Some designs don’t shout—they stay. Vico Magistretti’s Loden collection, originally created in 1961 for Gavina, is one of those quiet presences that settles into memory—an emblem of postwar Italian design at its most restrained. Now, over sixty years later, Kettal brings it back—not as a nostalgic revival, but as a conversation between past and present.
The reissue includes both the armchair and two-seat sofa, faithful to Magistretti’s original proportions and approach to chair design: solid wood legs, slightly tilted seats, upholstered volumes, and curved armrests that feel both architectural and relaxed. There’s an elegance here that resists time, shaped by an eye that understood restraint as a form of generosity.

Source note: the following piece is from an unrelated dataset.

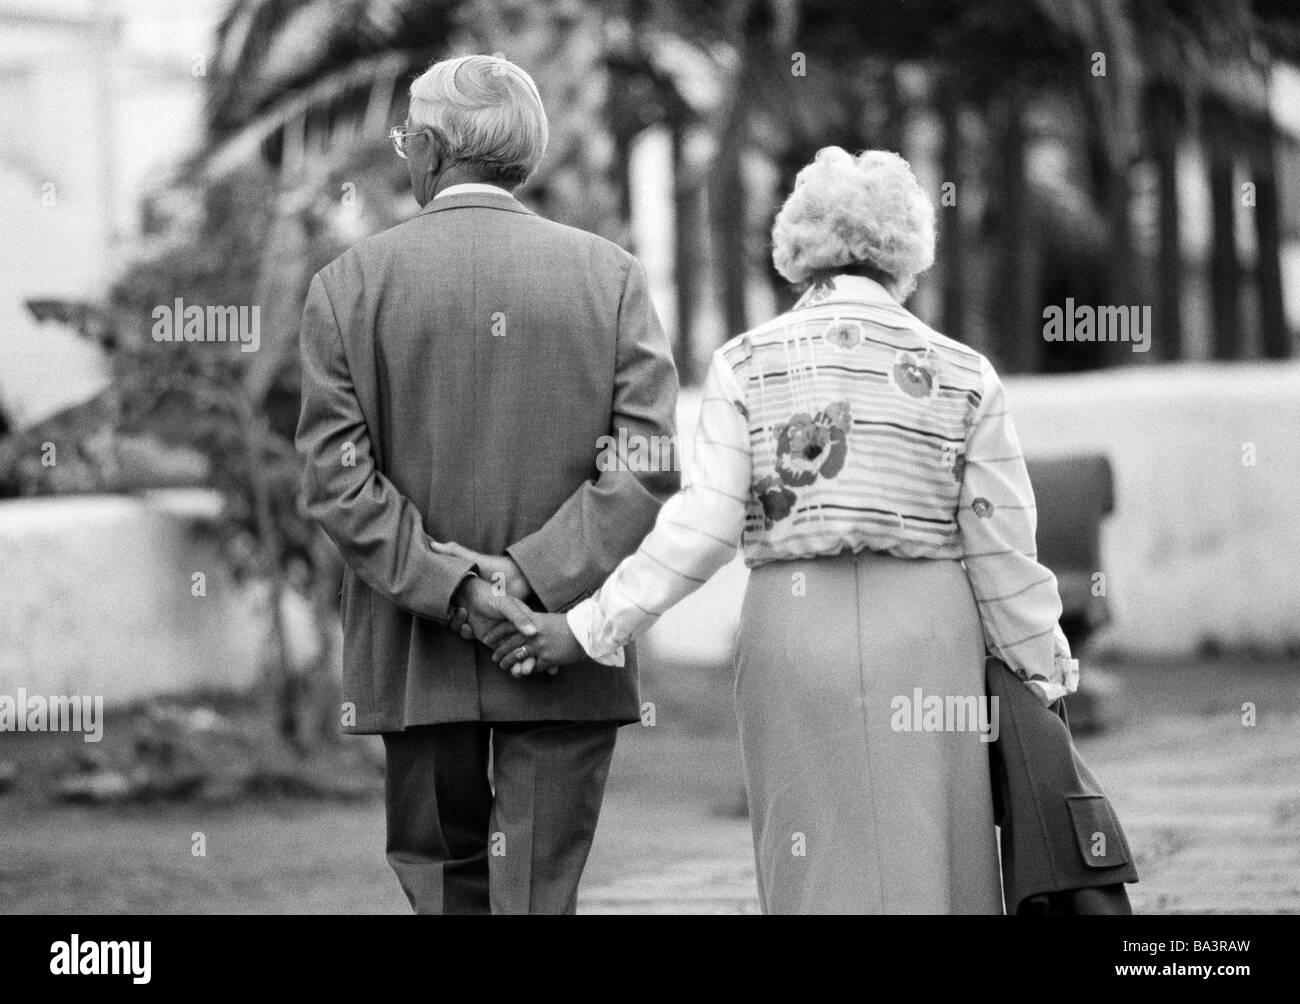 Années 1980, photo en noir et blanc, les gens, les personnes âgées, vieux couple marche main dans la main, se tenant la main, poursuite, blouse, jupe, âgés de 65 à 75 ans, l'Espagne, Îles Canaries, Puerto de la Cruz Banque D'Images

True to its name, Loden references the dense wool coats worn by Milan’s architects and intellectuals. Magistretti owned several. They weren’t flashy—they were Milanese: functional, serious, and warm. That sense of quiet materiality runs through the collection.
Kettal doesn’t just reintroduce the pieces; it contextualizes them. Curator Maddalena Casadei invited a group of architects, designers, and friends to share stories about Magistretti, the era, and of course the coat. Their anecdotes—fragments, really—create a portrait in language. The accompanying photos by Piotr Niepsuj, taken in Magistretti’s own home, sidestep styling and instead offer something more lasting: atmosphere.
The reissue goes beyond aesthetics or nostalgia. It’s a thoughtful return to a piece of design history, recontextualized for today. Through Casadei’s curatorial lens and Niepsuj’s photographs, Loden becomes more than a collection—it becomes a way to experience Magistretti’s Milan, one texture, one story, one frame at a time.